### Data provided

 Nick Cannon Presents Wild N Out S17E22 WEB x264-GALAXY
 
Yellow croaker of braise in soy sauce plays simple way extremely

######
### Data provided

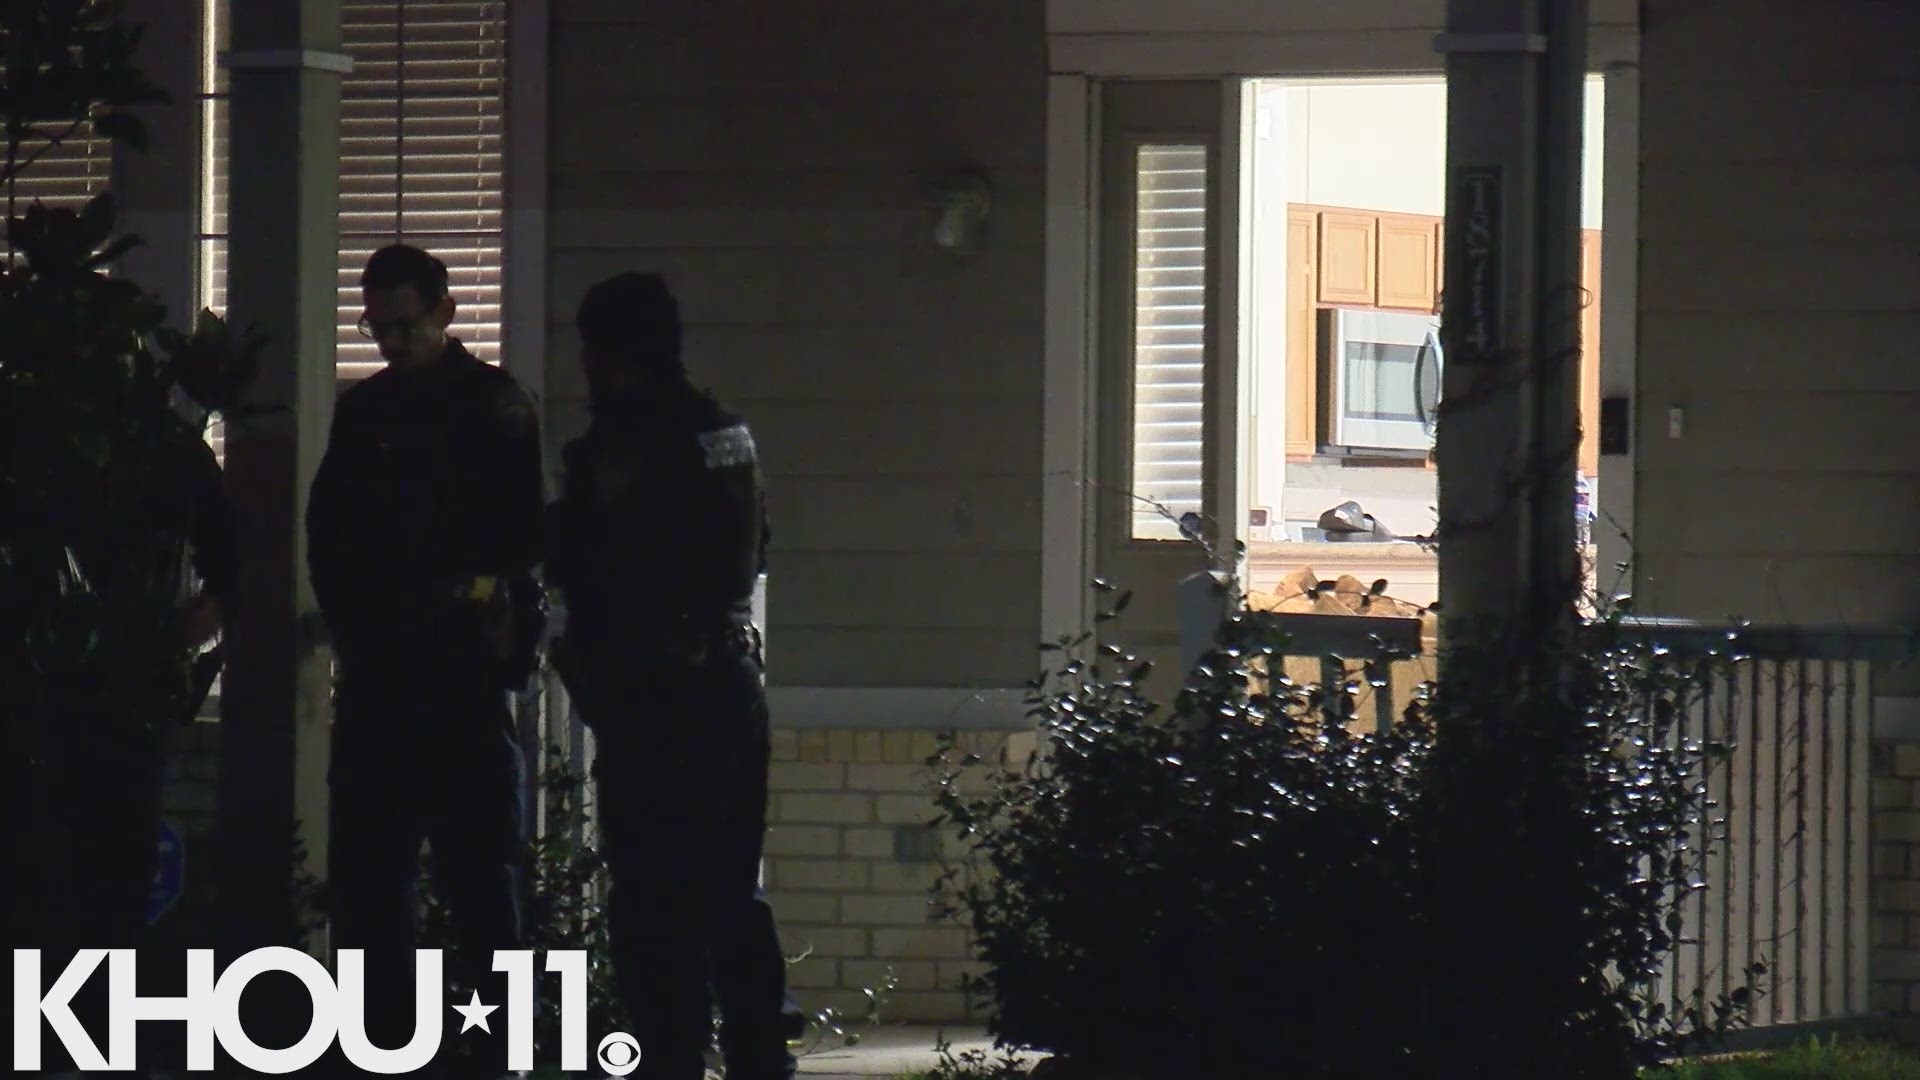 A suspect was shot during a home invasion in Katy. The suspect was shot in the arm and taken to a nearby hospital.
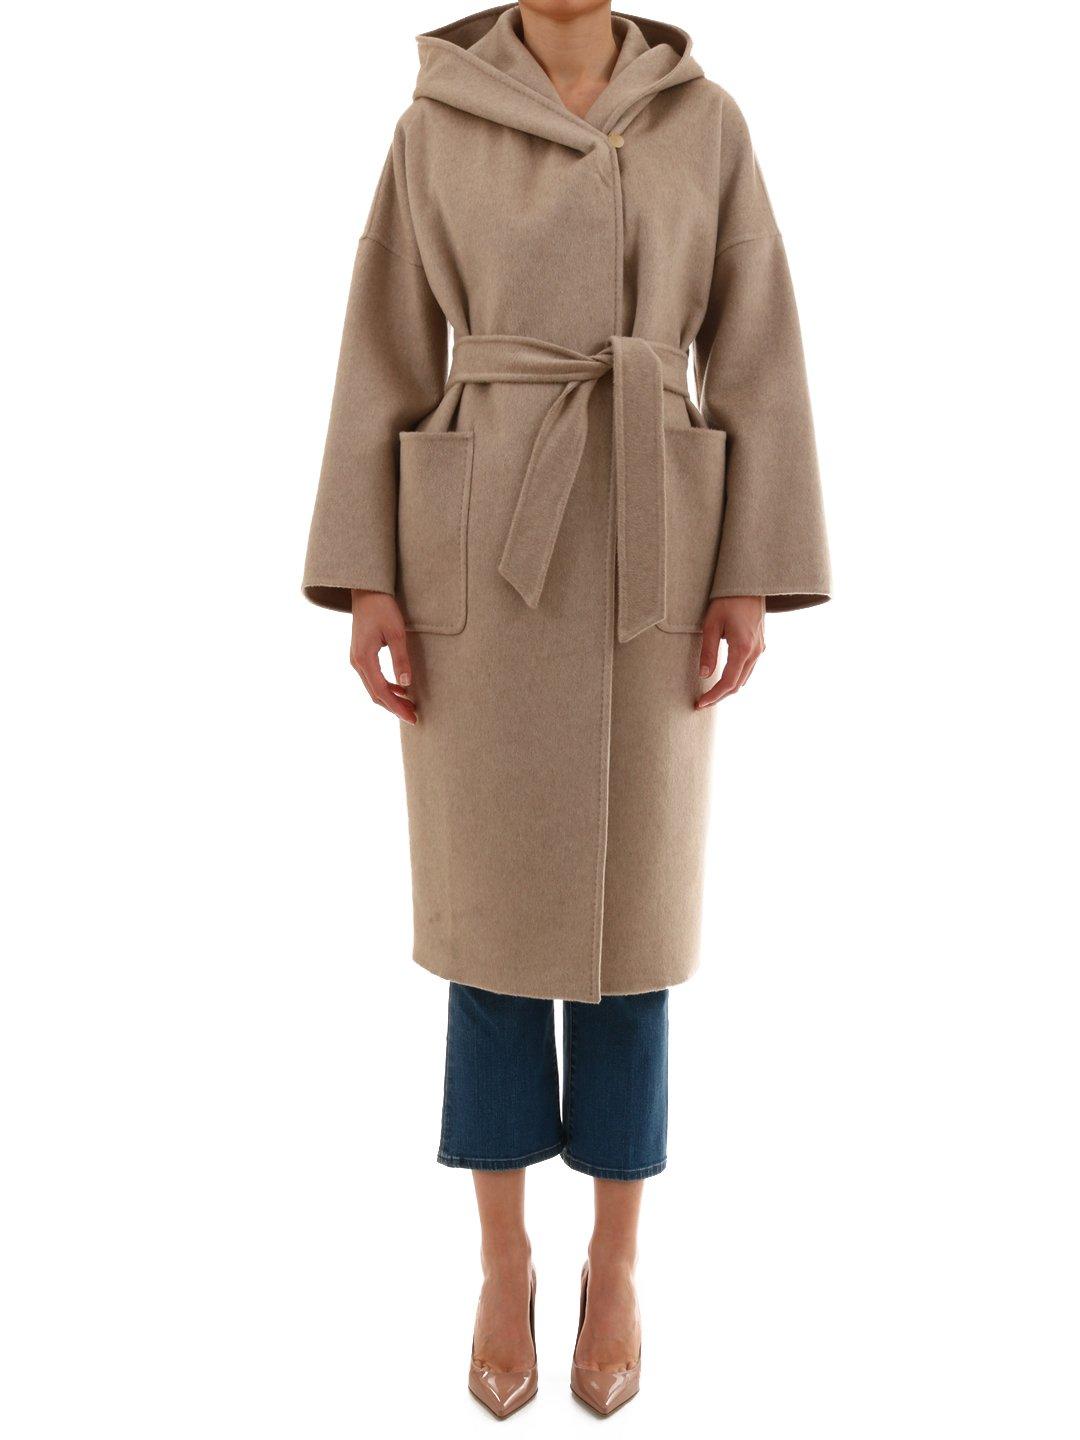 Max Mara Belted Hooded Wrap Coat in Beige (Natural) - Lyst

######
### Data provided

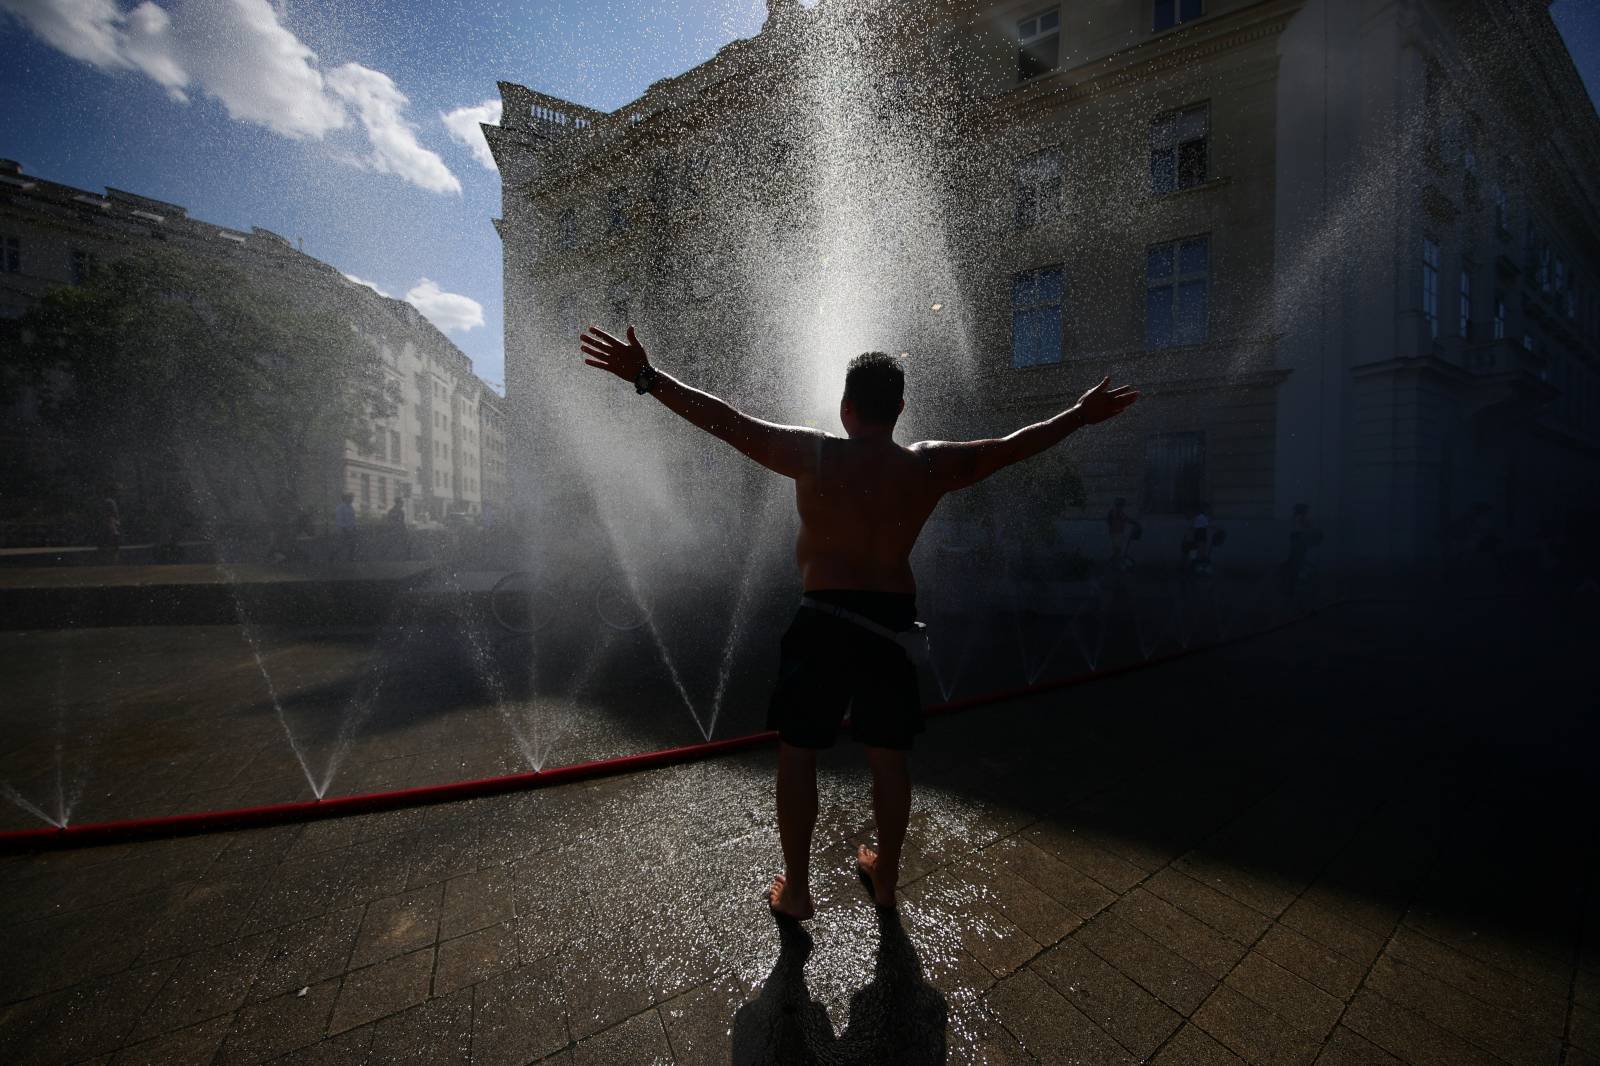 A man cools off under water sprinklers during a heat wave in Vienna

######

— Exercise —
With the line that has "Nick Cannon Presents" as the first and the line that has "Yellow croaker of" as the last, repeat exactly that run of lines above and no more.

— Response for this exercise —
 Nick Cannon Presents Wild N Out S17E22 WEB x264-GALAXY
 
Yellow croaker of braise in soy sauce plays simple way extremely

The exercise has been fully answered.